In such an embodiment, the computer program can be downloaded and installed from a network via the communication portion 1109, and/or installed from the removable media 1111. When executed by the central processor 1101, performs the various functions provided by the embodiments of the present application.
According to still another aspect of the embodiment of the present application, there is further provided an electronic device for implementing the method for generating a dialog text, where the electronic device may be a terminal device or a server as shown in fig. 1. The present embodiment is described taking the electronic device as a terminal device as an example. As shown in fig. 12, the electronic device comprises a memory 1202 and a processor 1204, the memory 1202 storing a computer program, the processor 1204 being arranged to perform the steps of any of the method embodiments described above by means of the computer program.
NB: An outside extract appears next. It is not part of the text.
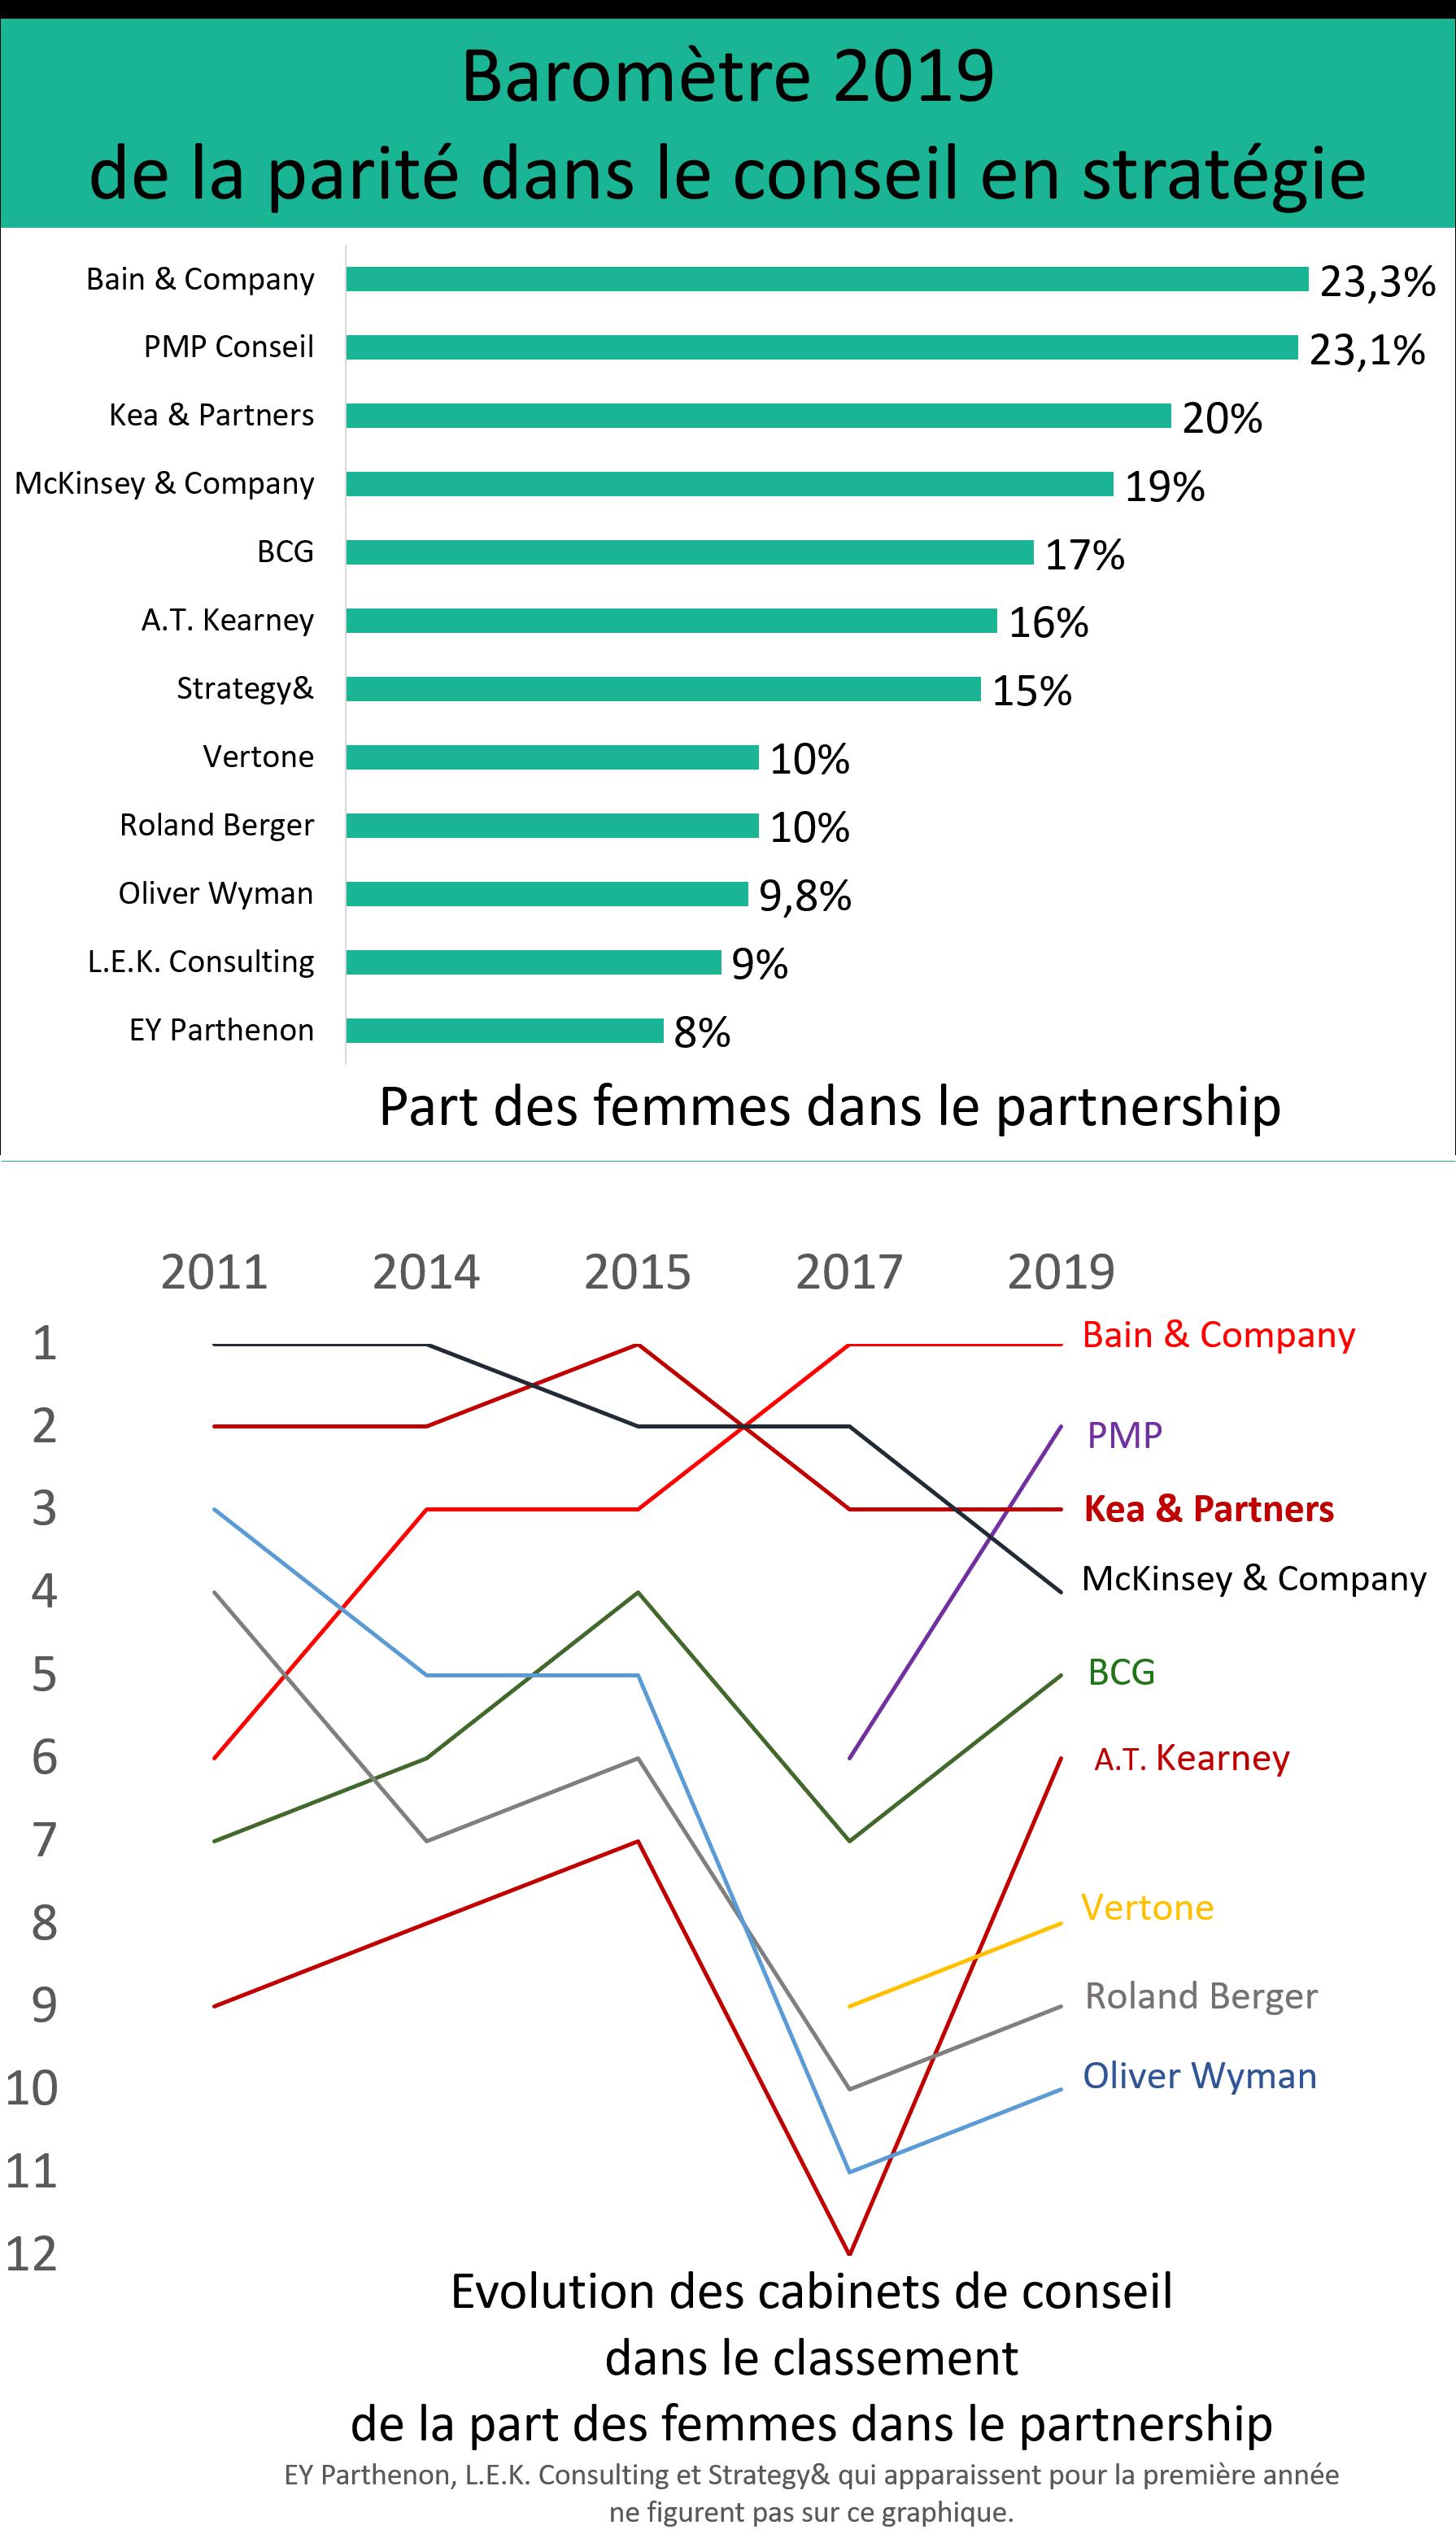 Barometre 2019 Consultor parite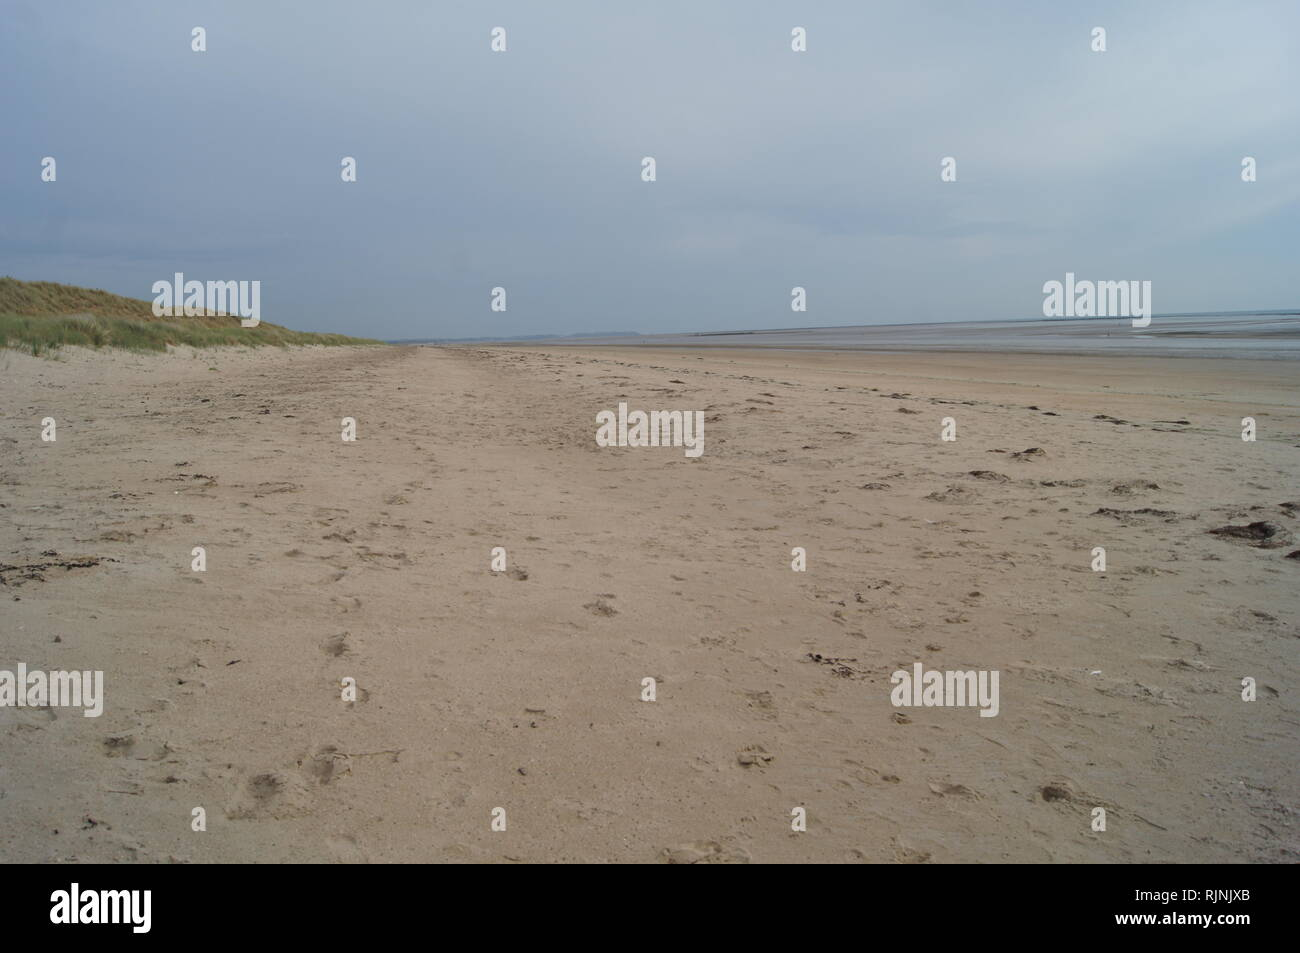 nice beach,best beaches,beach france,europa,landscape,sun,sailing,surfing,alone,swimming,sport,holiday,dog walk,summer,sun creme,atlanic,ozean,sea - Stock Image

Alternatively, in this embodiment, the electronic device may be located in at least one network device of a plurality of network devices of the computer network.
Alternatively, in the present embodiment, the above-described processor may be configured to execute the method in the embodiments of the present application by a computer program.
Alternatively, it will be appreciated by those of ordinary skill in the art that the configuration shown in fig. 12 is merely illustrative, and that fig. 12 is not intended to limit the configuration of the electronic device described above. For example, the electronic device may also include more or fewer components (e.g., network interfaces, etc.) than shown in FIG. 12, or have a different configuration than shown in FIG. 12.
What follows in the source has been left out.